Cool mathematical facts

An example of a distill-style blog post highlighting key insights

Matrix Insights

• Remarkable Fact 1: When $A$ and $B$ are $n\times m$ matrices, both $A^\top B$ and $B^\top A$ exhibit a striking similarity in their reduced spectra. Specifically, if $m>n$, then one of them contains $m-n$ zero eigenvalues. This assertion is grounded in determinant and characteristic polynomials, as demonstrated in this proof.

• Valuable Linear Algebra Identities:

  • Equation 1: \(Tr(A^k)=\sum_{i=1}^n \lambda_i(A)^k\)
  • Equation 2: \(Tr((A^*A)^k) = \sum_{i=1}^n \sigma_i(A)^{2k}\)
  • Equation 3: \(\log\det(A-z I_n)=\sum_{i=1}^n \log|\lambda_i(A)-z|=\sum_{i=1}^n\log|\sigma_i(A-z I)|\)
  • Equation 4: \(\log\det(A)=\sum_{i=1}^n|dist(X_i,span(X_1,\dots,X_{i-1}))|\)

Mathematical Concepts

• Lindenbert’s Exchange Method: This method, explained in detail in Tao’s presentation, involves two key steps:
  1. The Gaussian Case: Demonstrating the validity of the law when all underlying random variables are Gaussian.
  2. Invariance: Showing that the limiting distribution remains unchanged when non-Gaussian random variables are replaced by Gaussian random variables.

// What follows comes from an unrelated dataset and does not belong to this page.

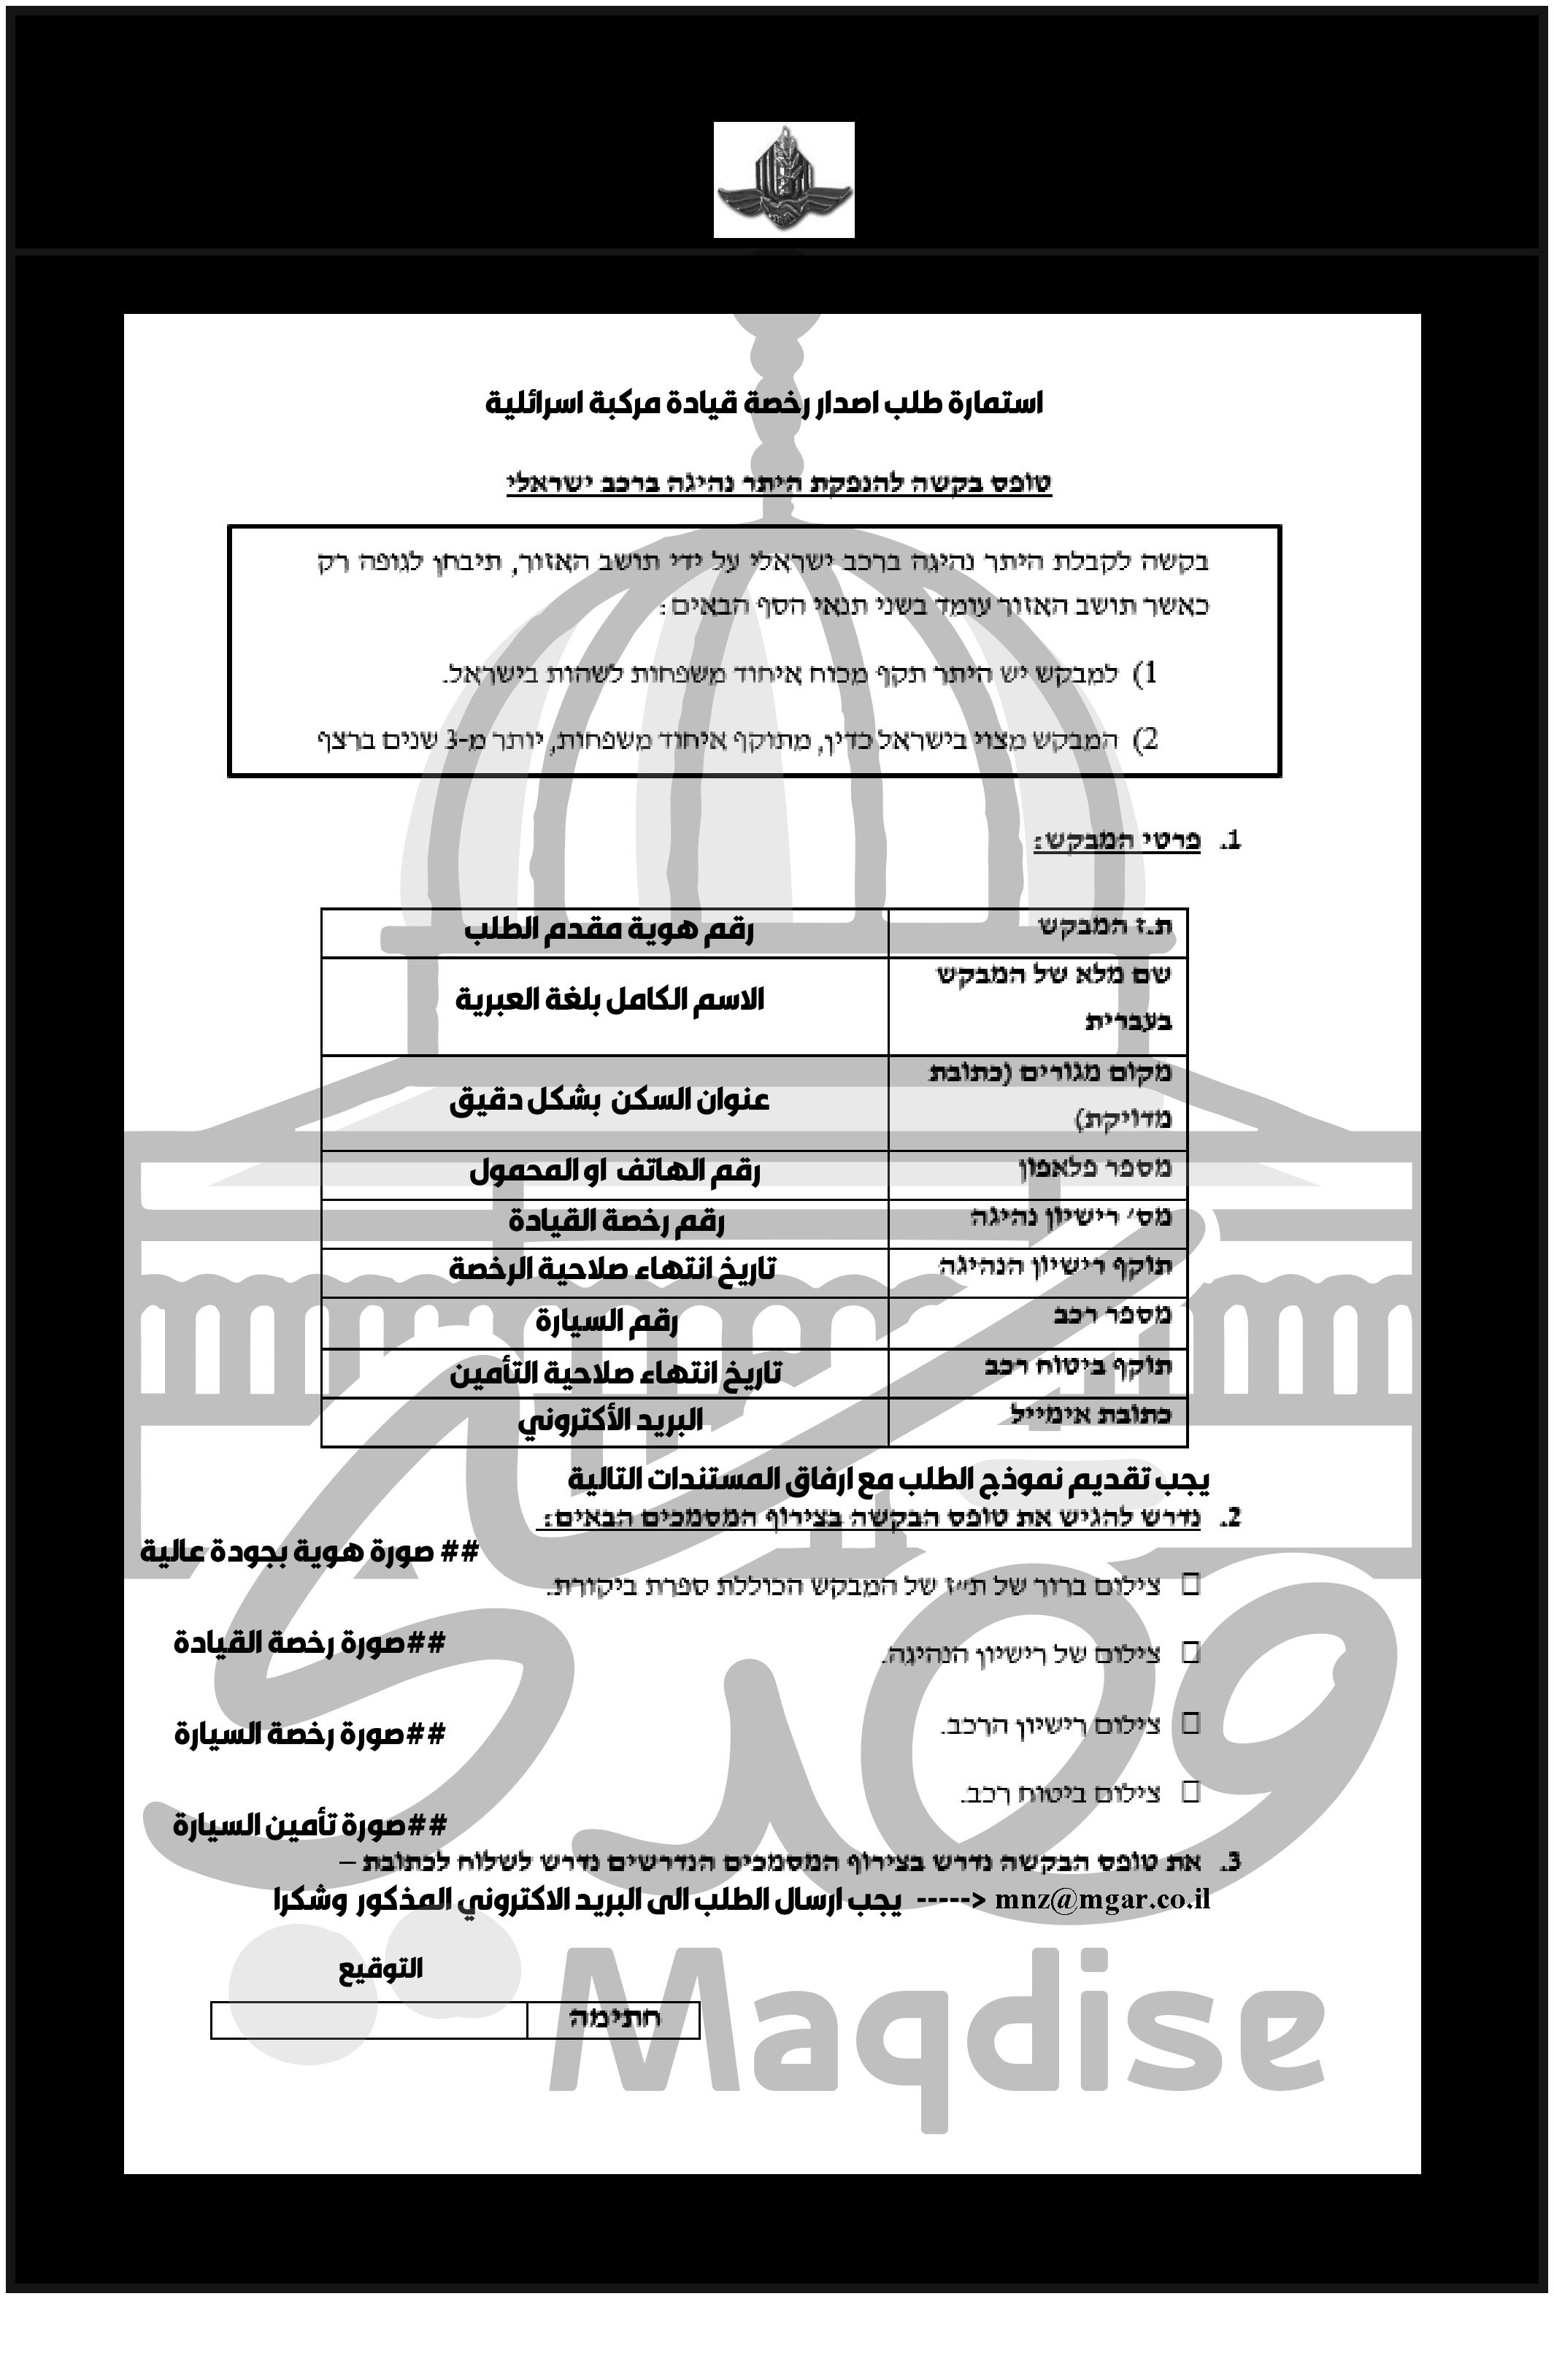 رخصة قيادة مركبة اسرائلية

• Weyl Inequality: For symmetric $n\times n$ matrices $S$ and $T$, the Weyl inequality states: \begin{align} \max_i |\lambda_i(S) -\lambda_i(T)| \le |S - T| \end{align} This inequality offers a powerful tool to bound the eigenvalues of perturbed matrices.

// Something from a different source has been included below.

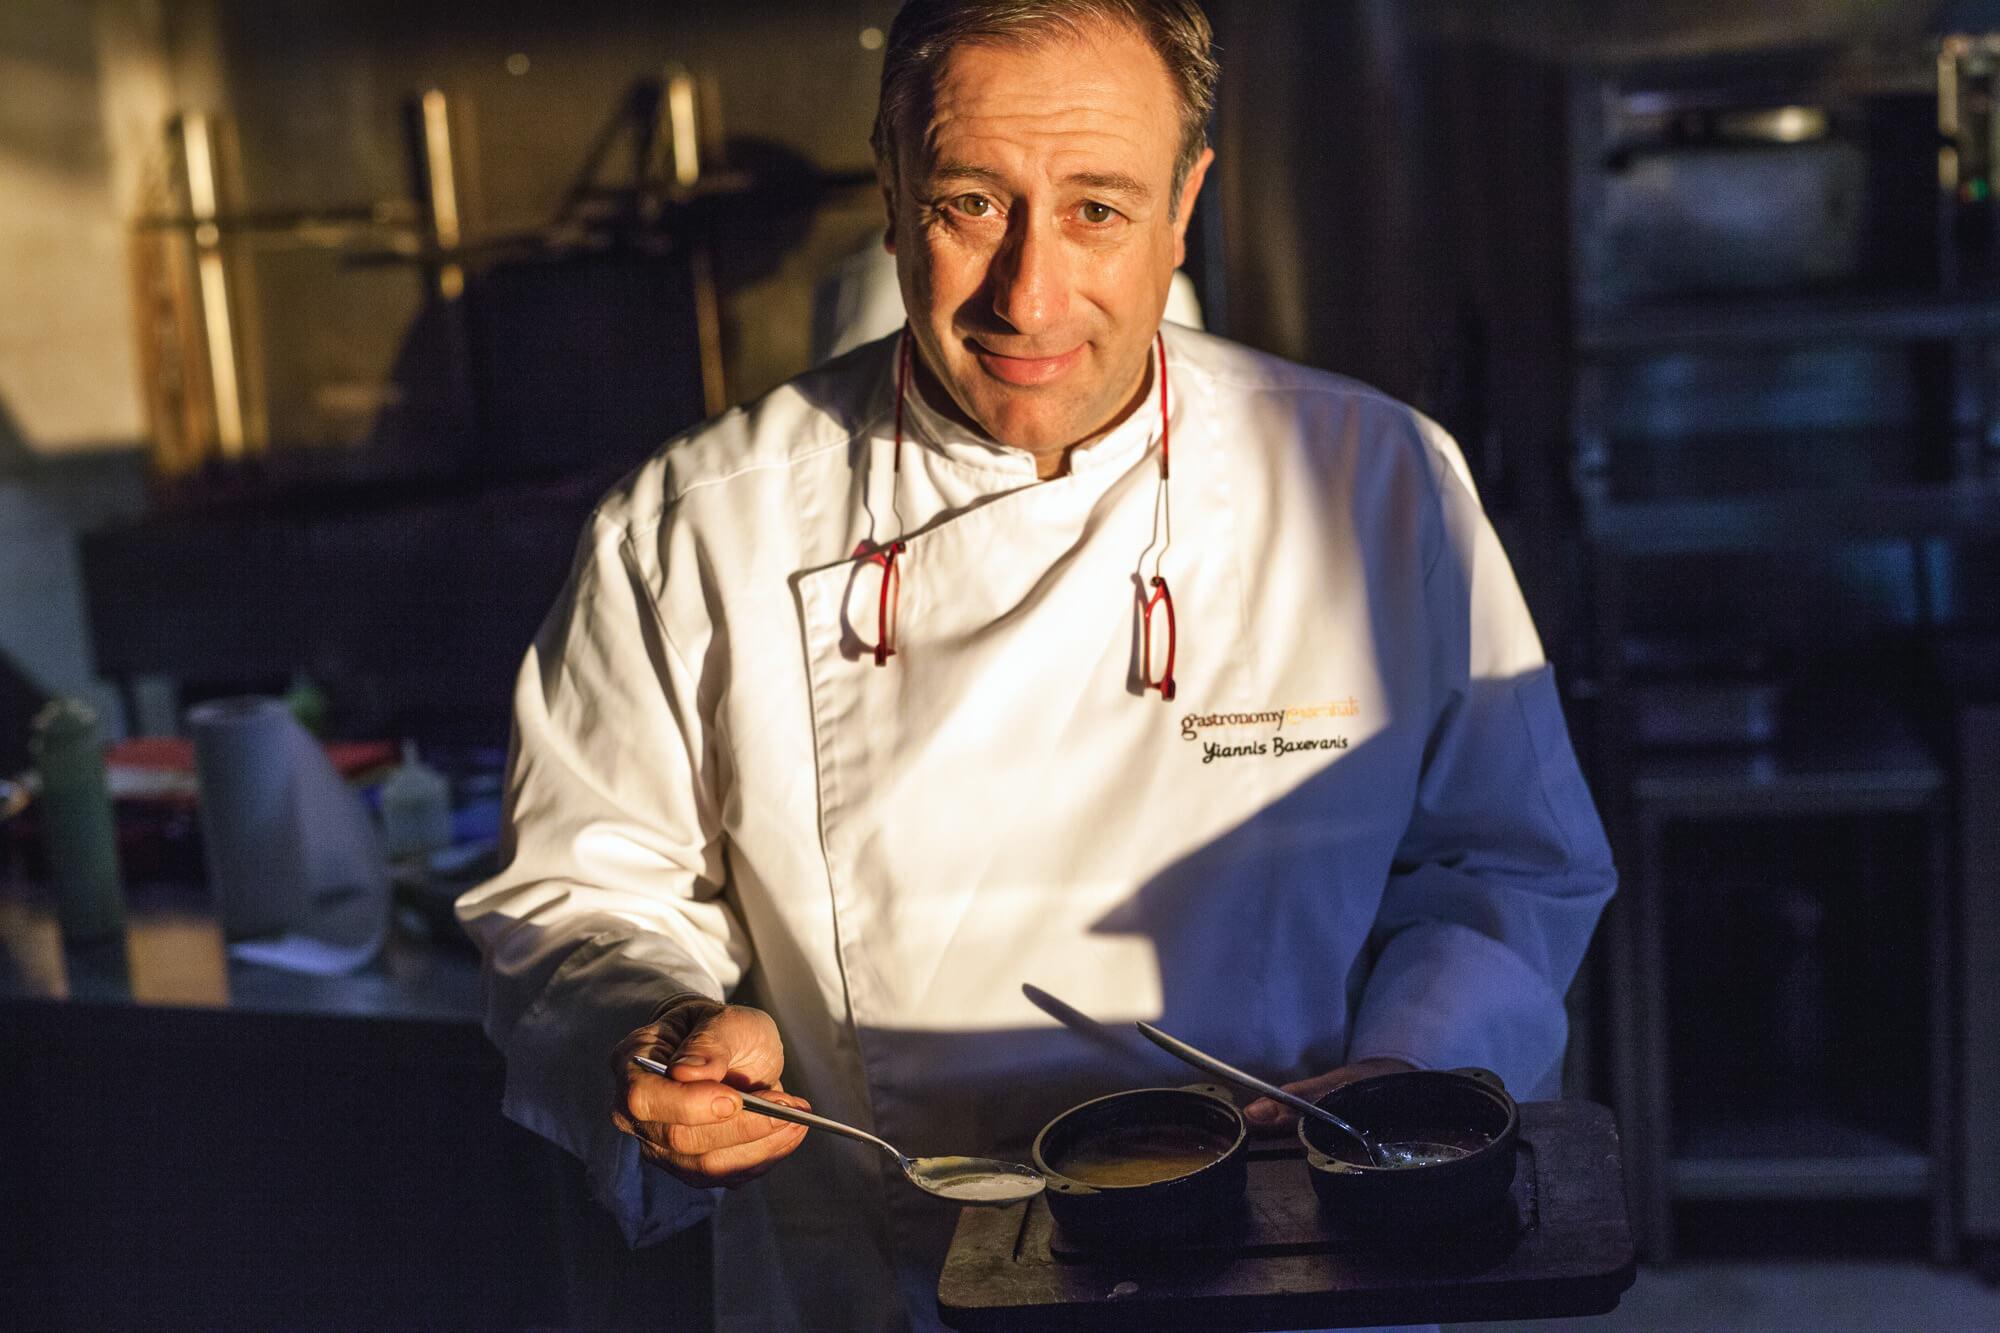 Μπαξεβάνης Γιάννης - Ο chef που έκανε γνωστή την κουζίνα των ... e21ef6c5efb

• Hoffman-Wielandt Inequality: This inequality relates to the deviation of eigenvalues based on the Frobenius norm of deviations: \begin{align} \sum_{i=1}^n\ (\lambda_i(A)-\lambda_i(B))^2 \le |B|_F^2 \end{align} For more information, refer to Jalil Chafai’s blog and Tao’s Blog.

• Davis-Kahan Theorem: When $S$ and $T$ are symmetric matrices, and the $i$-th eigenvalue of $S$ is well-separated, the Davis-Kahan theorem states: \begin{align} \max_{j\neq i}|\lambda_i(S)-\lambda_j(S)|\ge \delta \implies \sin\angle(v_i(S),v_i(T)) \le \frac{|S-T|}{\delta} \end{align} This result provides insights into the closeness of eigenvectors.

Convexity in Symmetric Matrices

• Convexity of Trace Exponential Function: The trace exponential function, defined as $f(X):=\exp\tr(X)$, is convex in the space of symmetric matrices.